I ran into Anthony in Vail Village over the summer, and like most in the industry who knew Dean, he was not surprised by Cummings’ descent into mental illness. He described for me Cummings’ short fuse dating back many years, including on a Russian helicopter while skiing in Iran for a Warren Miller movie.
But what’s remarkable about Cummings, as highlighted in this in-depth dive by Outside Magazine, is how much skiing anchored his family even as his problems became more and more evident. It’s just such a tragedy Cummings did not get help before his mental illness escalated to the death of another man and the brutal impact that had on the Arriola family of New Mexico.
Loss, family, fatherhood, skiing, mountains, the Warren Miller biopic SKI BUM has it all, and it is especially worth watching following a week in which Mikaela Shiffrin of nearby Edwards culminated a year of loss following the accidental death of her father, Jeff, with no fewer than four medals at the World Alpine Ski Championships in Cortina, Italy.
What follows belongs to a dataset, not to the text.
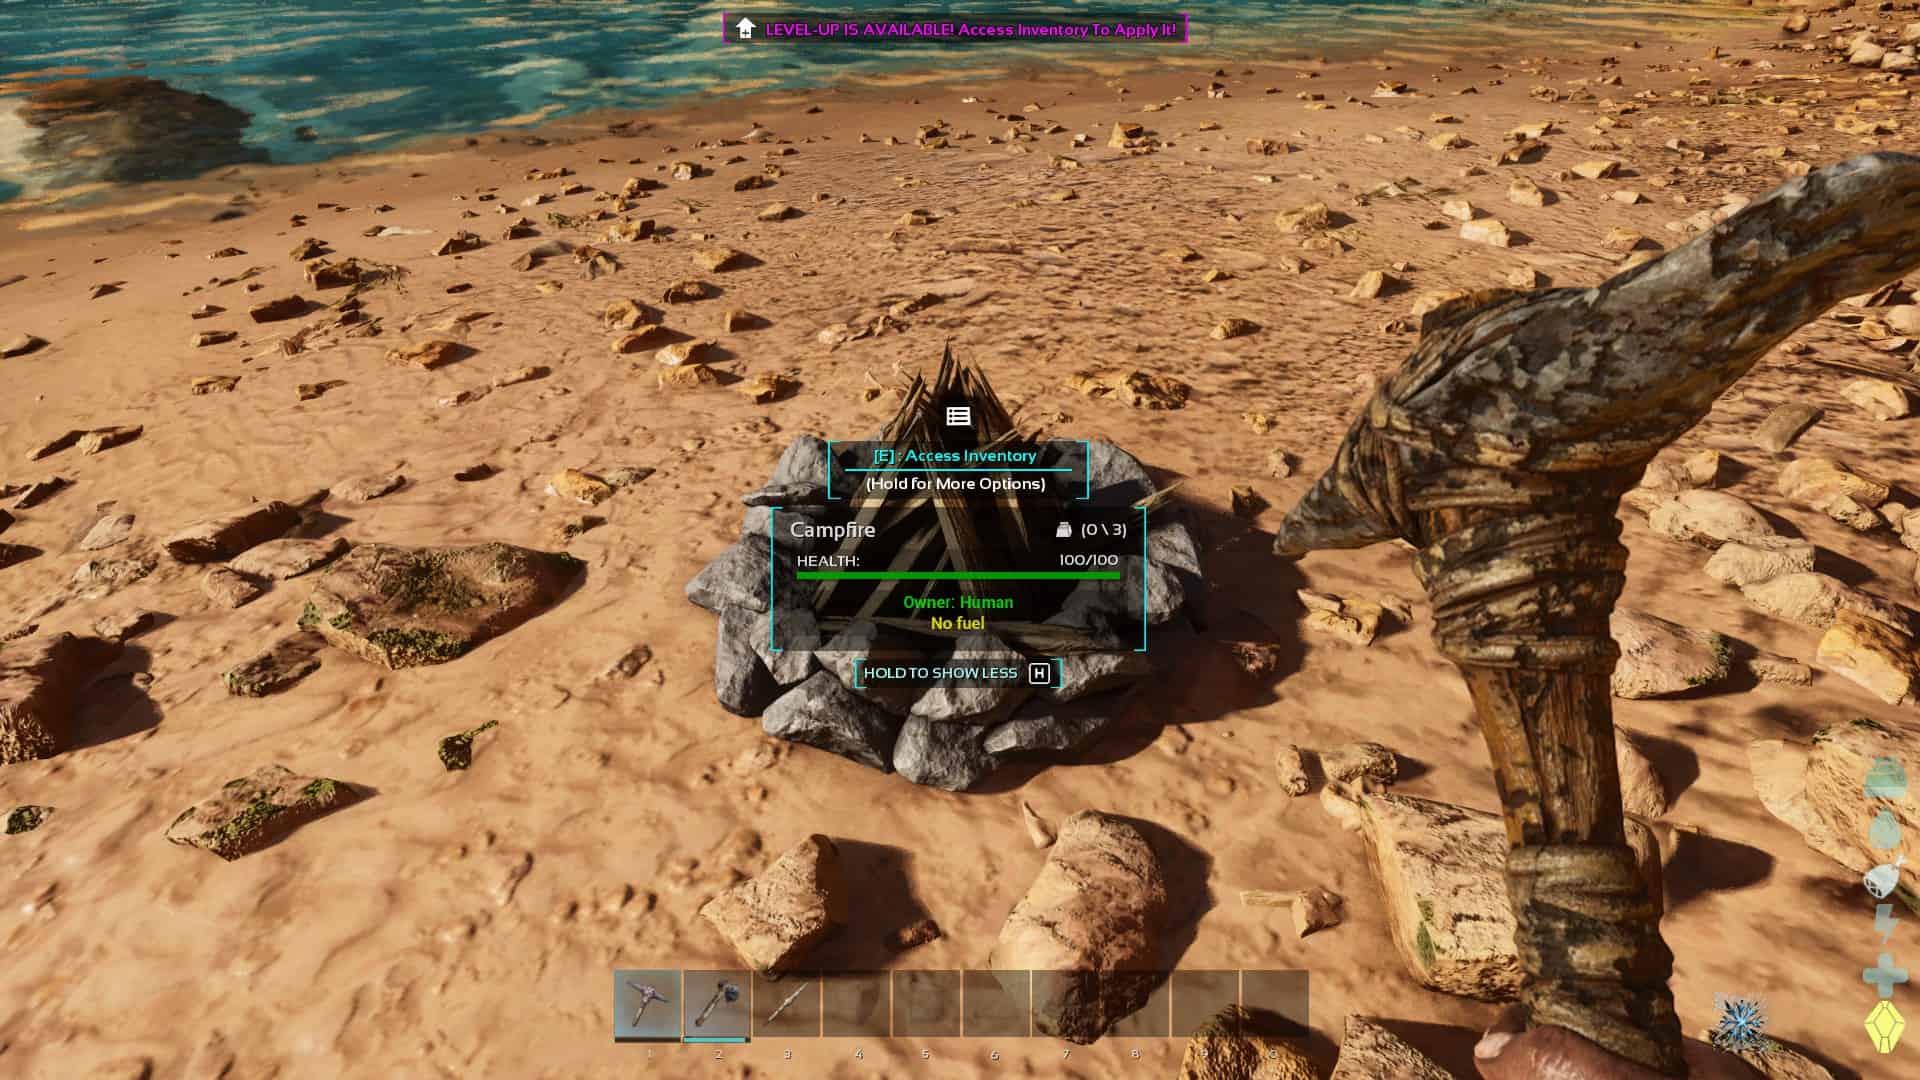 ARK Survival Ascended how to light campfire: An unlit campfire on a beach.

Loss just keeps piling up for the nation (500,000 and counting) and residents of the Eagle River Valley who now mourn 20 COVID-19 victims, including Vail pioneer Bob Lazier and musician Rod Powell, avalanche victims and friends Adam Palmer, Seth Bossung, Andy Jessen and John Kuo, substance abuse and mental health victims such as a former colleague at the Vail Trail and many others, and cancer victims such as Highline Sports cofounder and friend Jeff Brausch and my own brother and best buddy on the ski slopes when we were young, Dan Williams.
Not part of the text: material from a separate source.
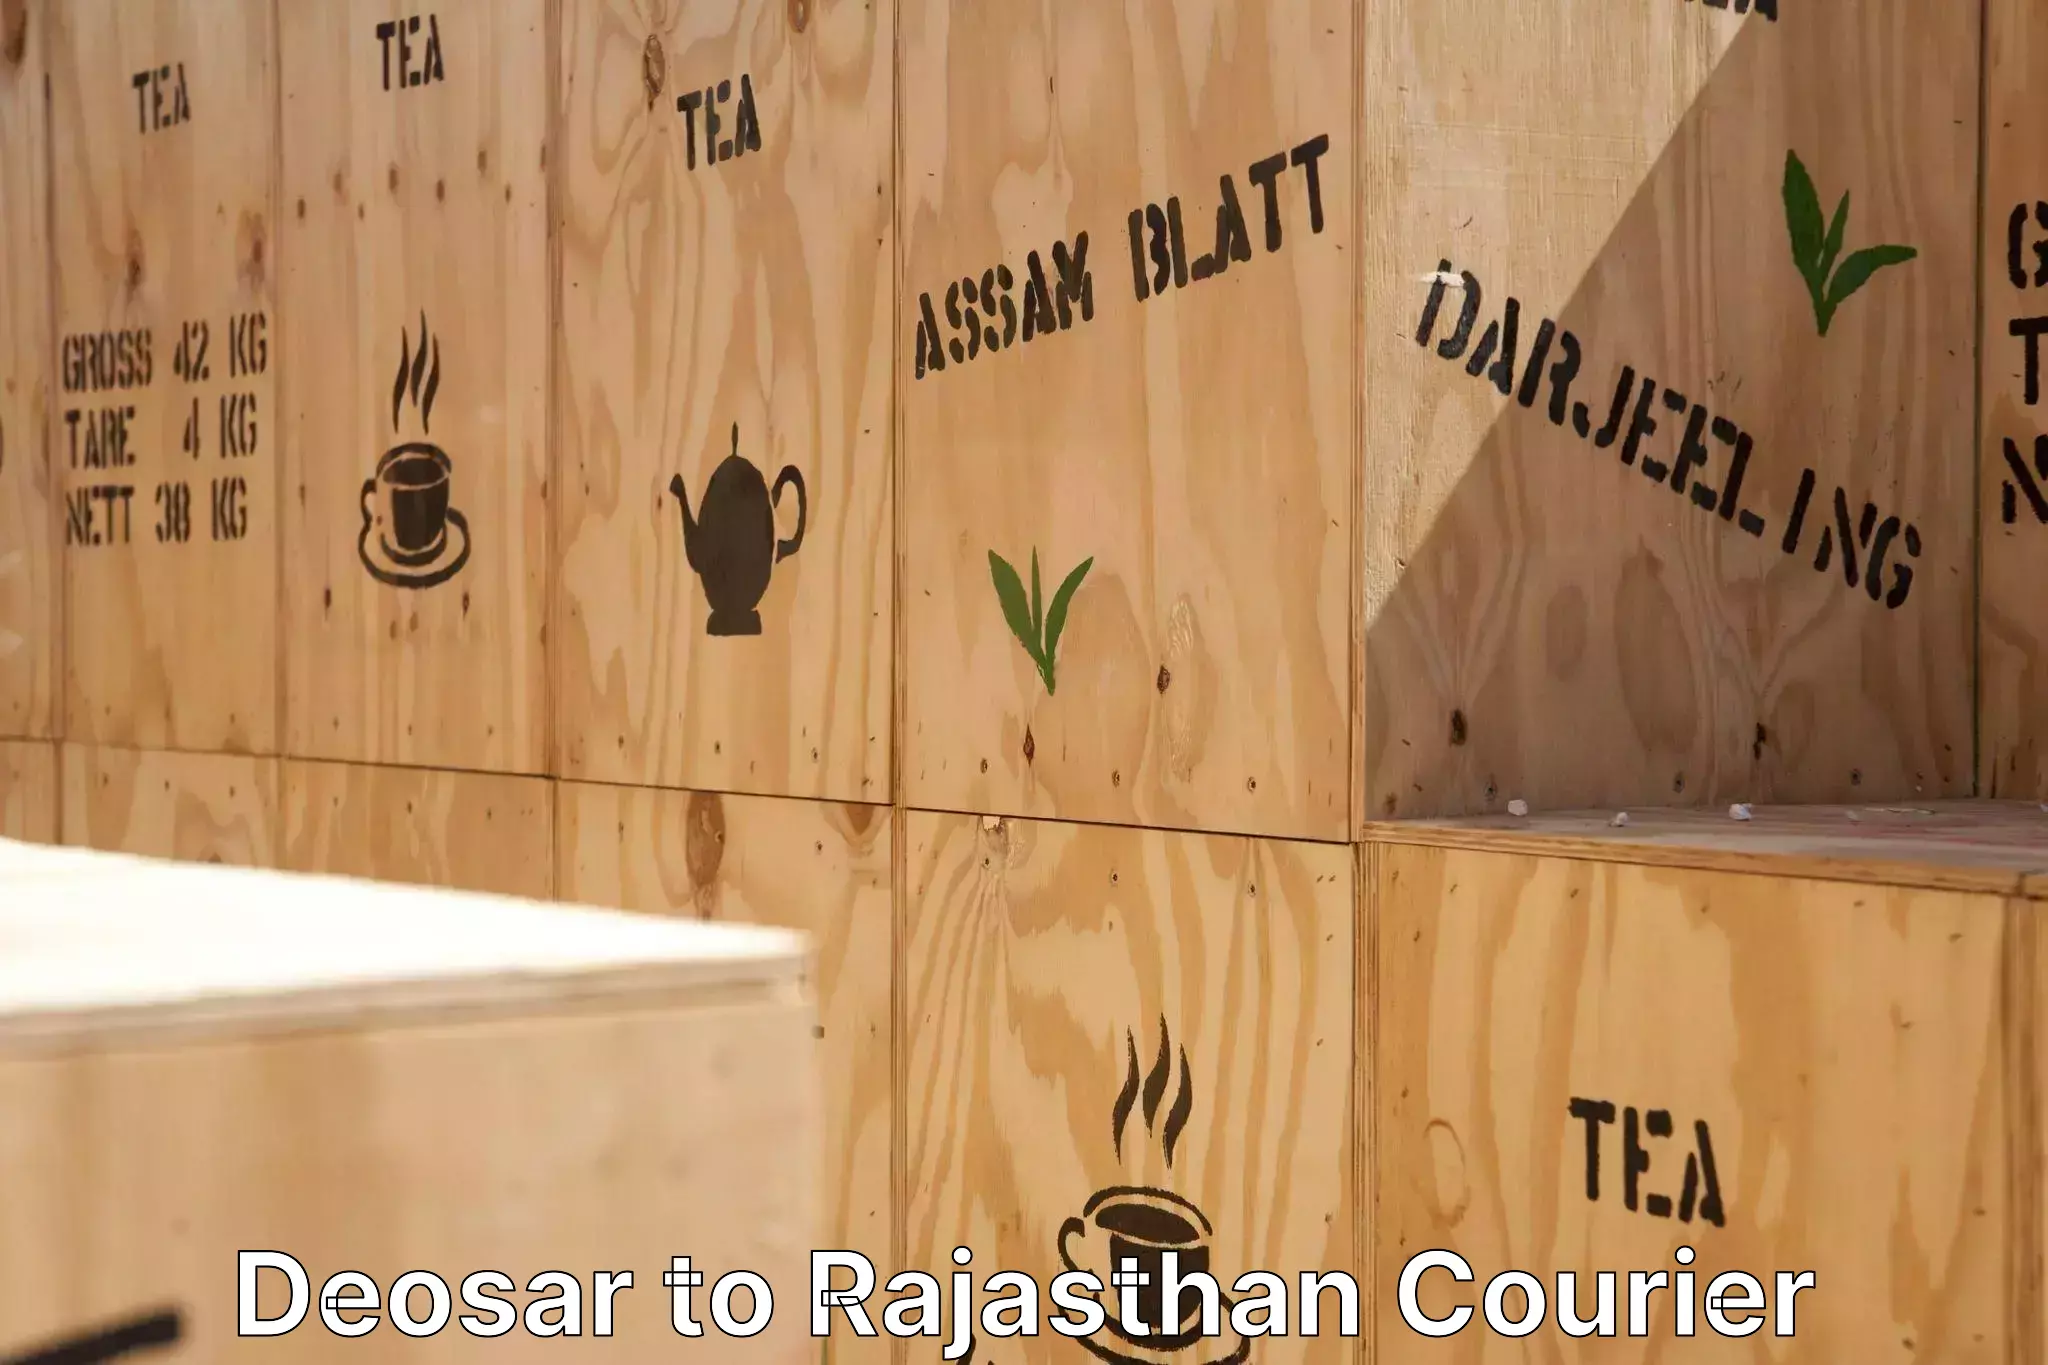 Professional moving company Deosar to Rajasthan

There is one way to feel closer to them all, and that’s by standing on skis in the woods or on top of a mountain. Skiing keeps us together as families, and skiing and being outside in the mountains helps ease the pain of losing a loved one. All of these themes come through in SKI BUM: THE WARREN MILLER STORY, streaming on Discovery+ beginning Thursday, Feb. 25.
Martha E. Williams
February 24, 2021 at 4:36 pm
thanks Dave, Love, Mom
David O. Williams
February 24, 2021 at 5:05 pm
No, thank you, and thank goodness Waylon and Willie didn’t say anything about letting your babies grow up to be ski bums.
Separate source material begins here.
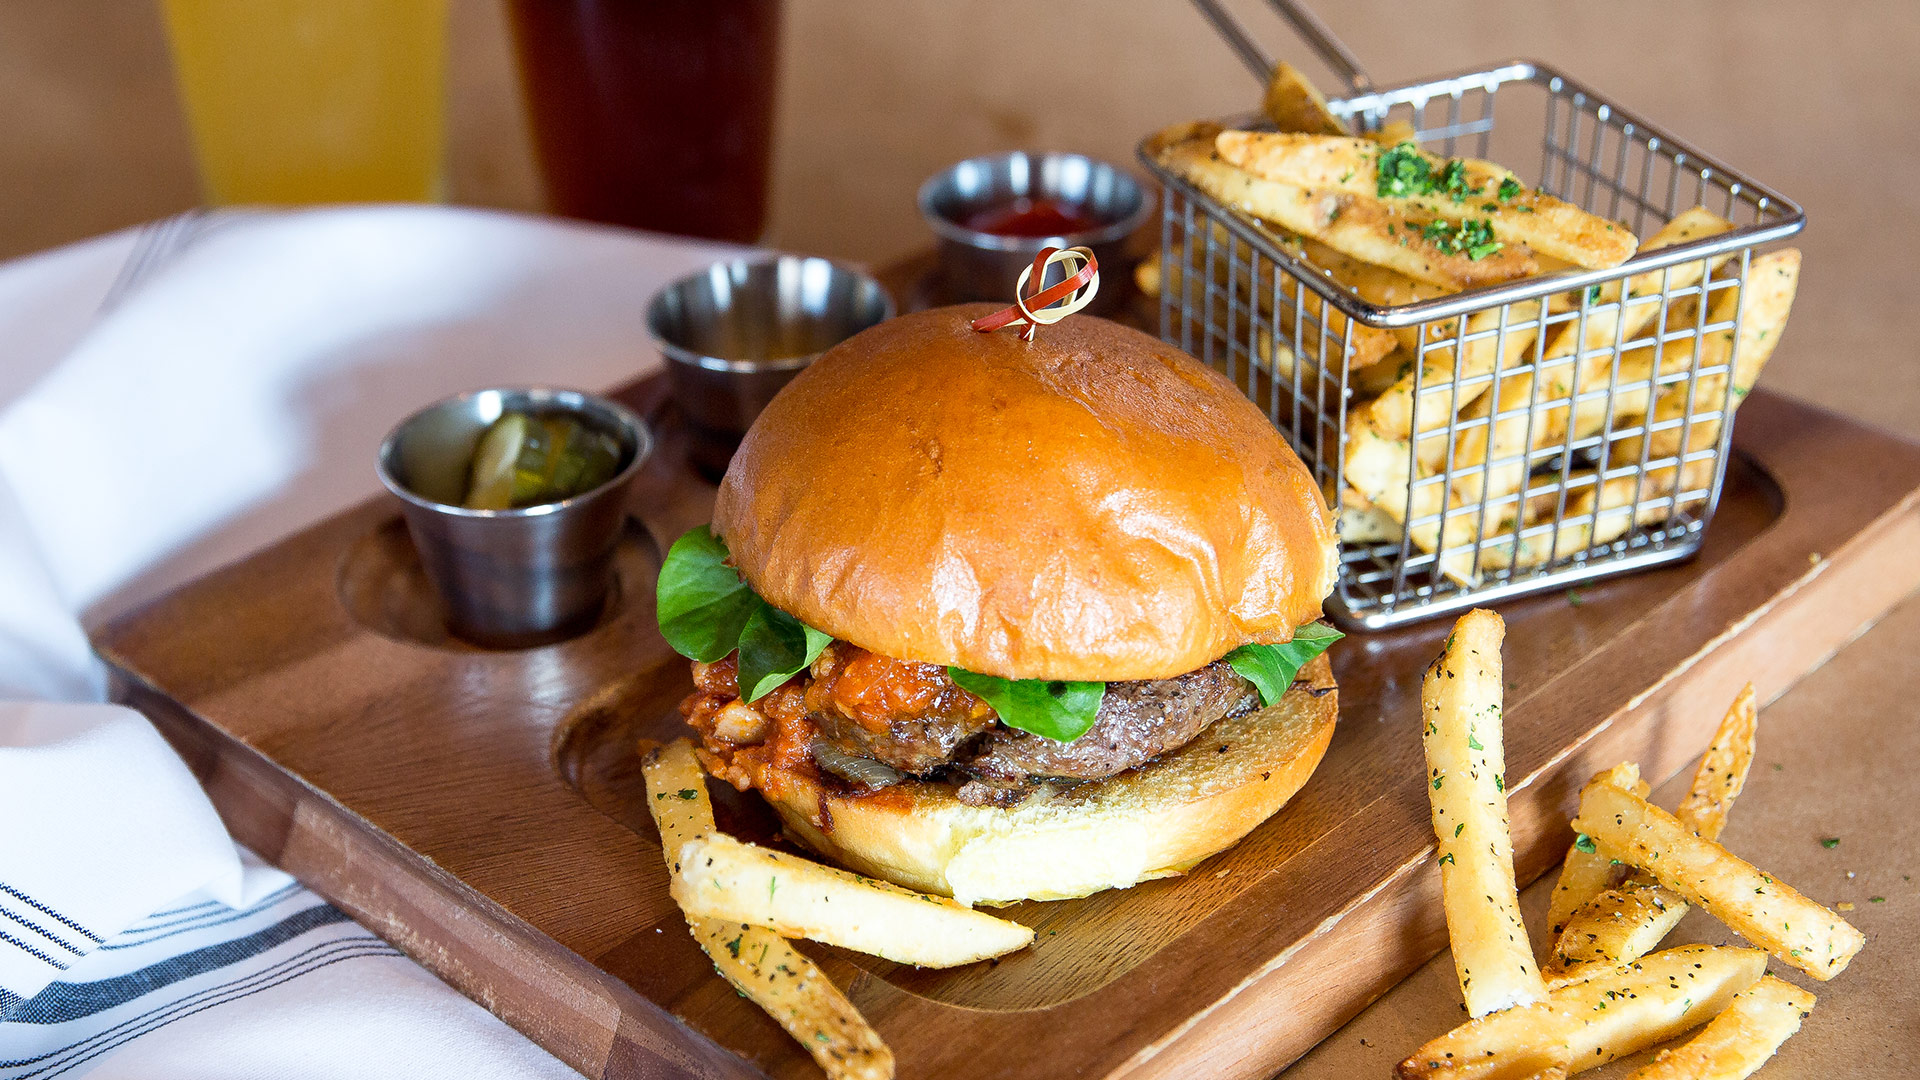 Burger and fries on wooden plate

February 24, 2021 at 10:02 pm
I had no idea what made you a skier. This story was insightful. Heartfelt. I got to meet Warren twice and I still have the tee shirt from when his last Mountain Madness set a world record, (I set the fastest time for a snowboarder and ironically won a pair of skis.) I’ve got a few stories to share some day if we meet up again. You are a great writer. Glad to call you friend and wish you and your family good health and fluffy turns. I’ve had many religious moments standing atop a cornice or peak. I know what “the hill” does to your soul, and it’s good.
David O. Williams
February 25, 2021 at 9:10 am
Thanks for the kind words, Haberdude. Once a snow rider, always a snow rider. Or as Hoody and I always used to joke, 80-point main headline: “World War III break out!” 25-point subhead: “Powder day in Vail!”